Об одном я прошу тебя очень, — о моем решении не возвращаться в Москву пока не говори Сереже ни слова. Он придет в ужас, он ждет меня в июне «домой»… и делает сейчас все самое для него в материальном невозможное, чтобы дать мне возможность прожить так, как я живу, эти два месяца, необходимые для моего «здоровья». Если ты найдешь возможным исполнить мою просьбу, я думаю, ты найдешь и объяснение твоих действий, хотя бы даже и ложное. Я ничего не боюсь, и Сережа в свое время узнает обо мне все. Но пока это только повлекло бы ряд бестолковых и мучительных писем, на которые я просто не в силах отвечать до отъезда Нади совсем откровенно. Прошу тебя очень, не говори ему! А мне ответь даже не письмом, а только да или нет — телеграммой. Денег мне больше не присылай никогда и пойми, как и о чем прошу я тебя сейчас.

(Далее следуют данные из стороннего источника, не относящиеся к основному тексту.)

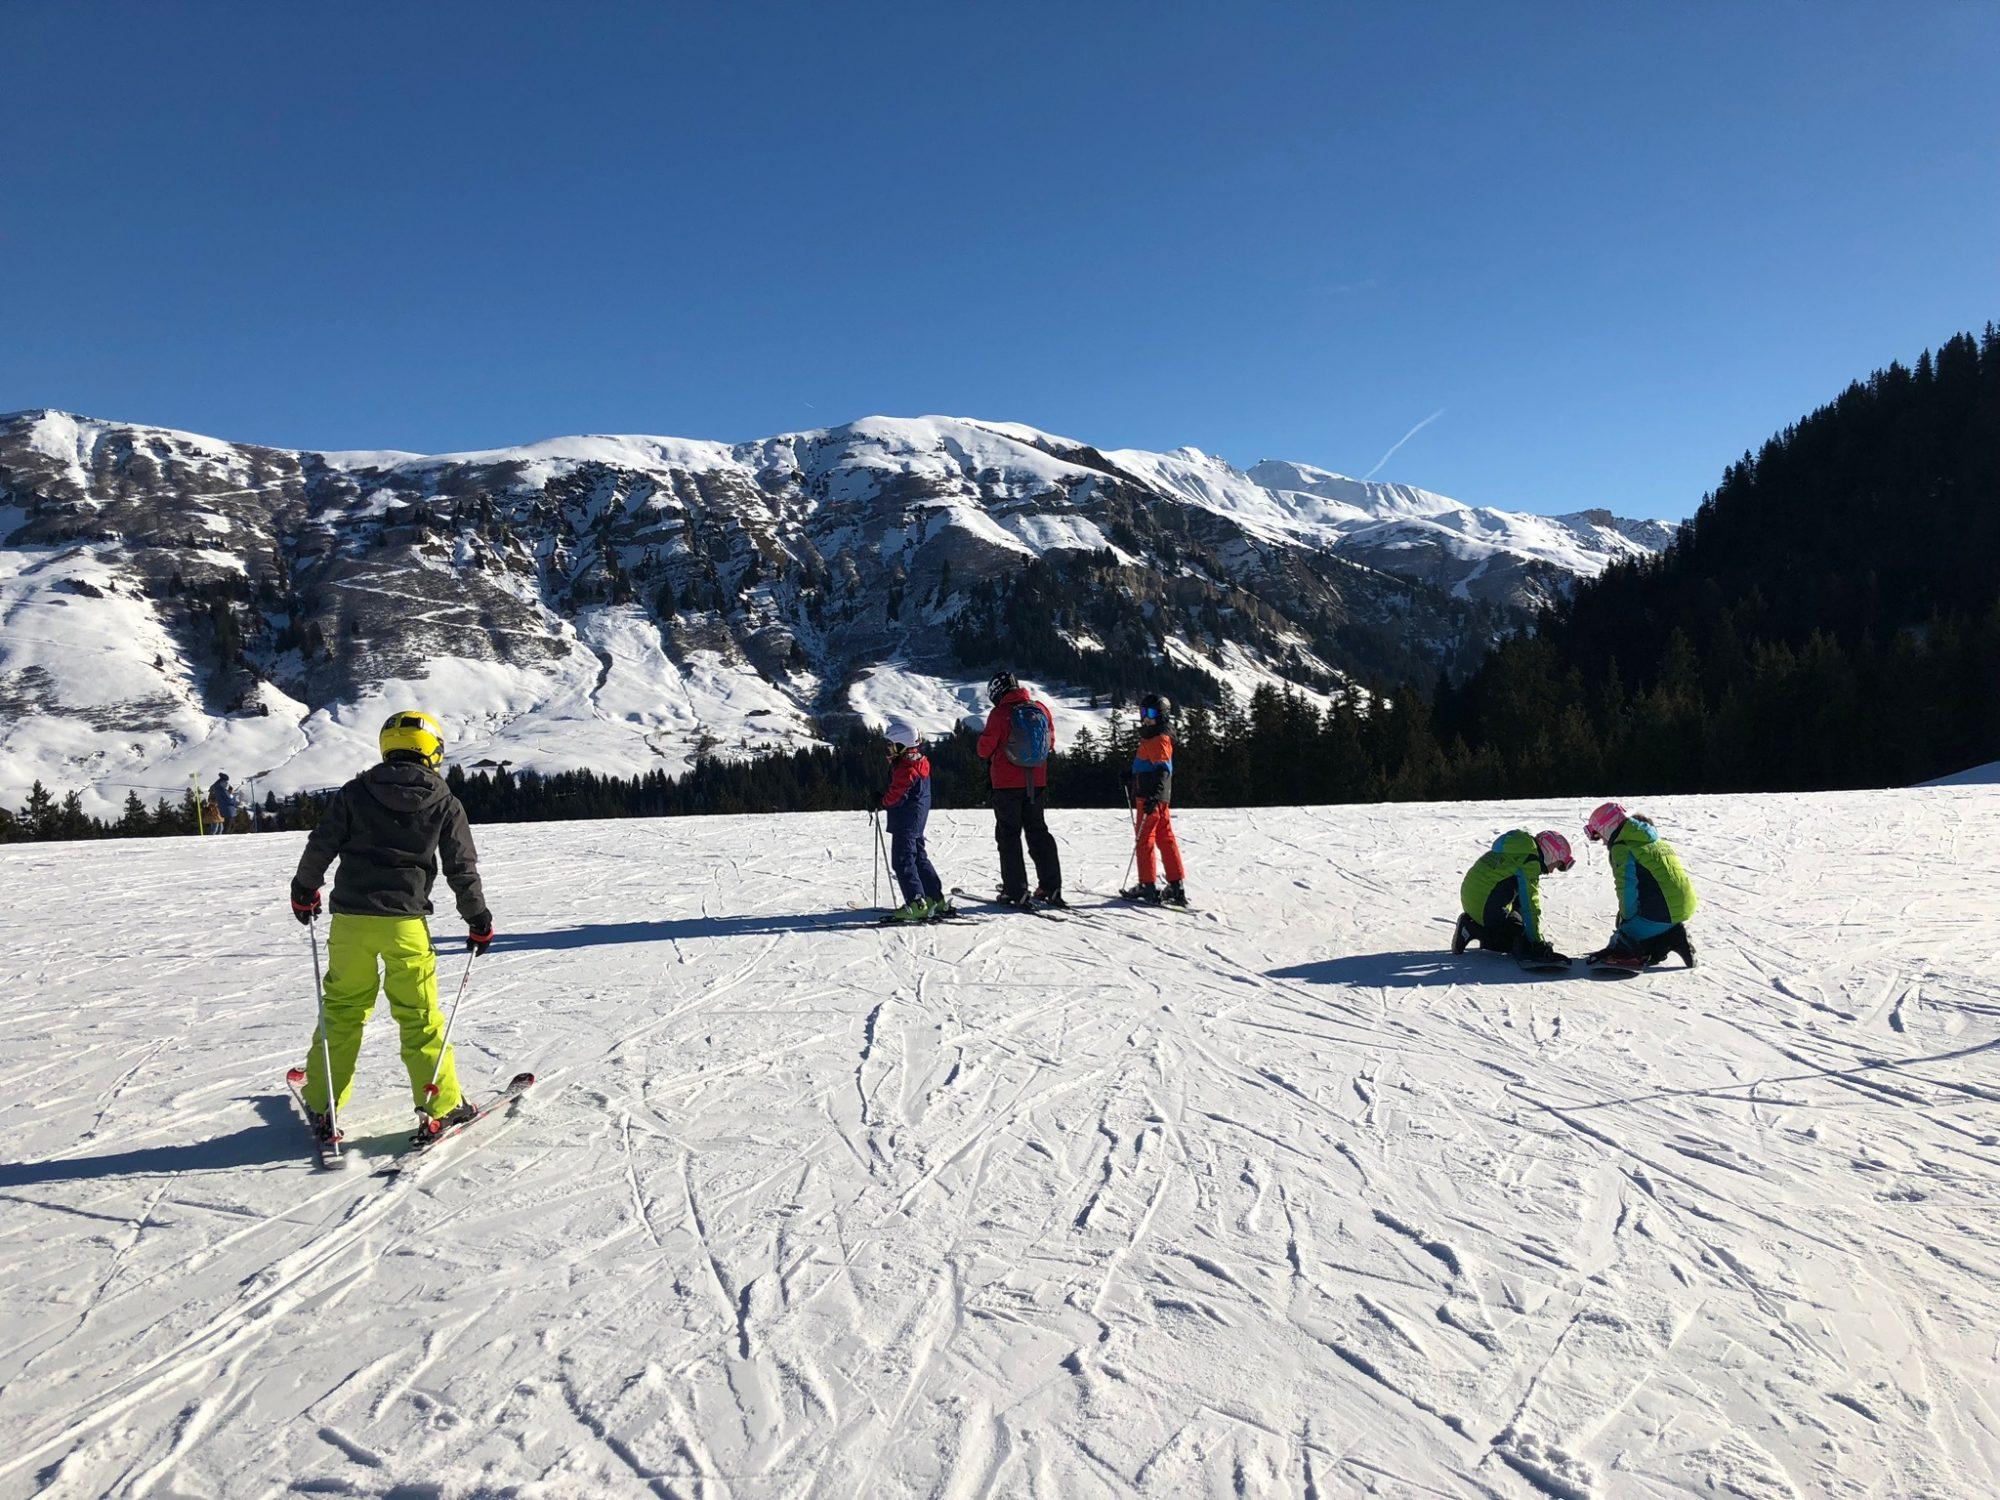 How to ski on ice

Говорить о «чувствах», как бывало, я больше не умею и не могу. Ни видеться в жизни, ни даже писать друг другу, ни даже знать что-либо о наших судьбах нам не нужно и мы не должны. Прошлое останется прошлым. Схороним его вместе глубоко и безвозвратно. Я тебя любила… Может быть, только тебя одного в мире… Ты этой любви не принял, не понял, не захотел взять, — и вот она умерла. Прощай! я ухожу от тебя навсегда, я мысленно склоняюсь над тобой, как над мертвым, и целую в лоб последним горьким поцелуем. Валерий! Милый когда-то!., прощай…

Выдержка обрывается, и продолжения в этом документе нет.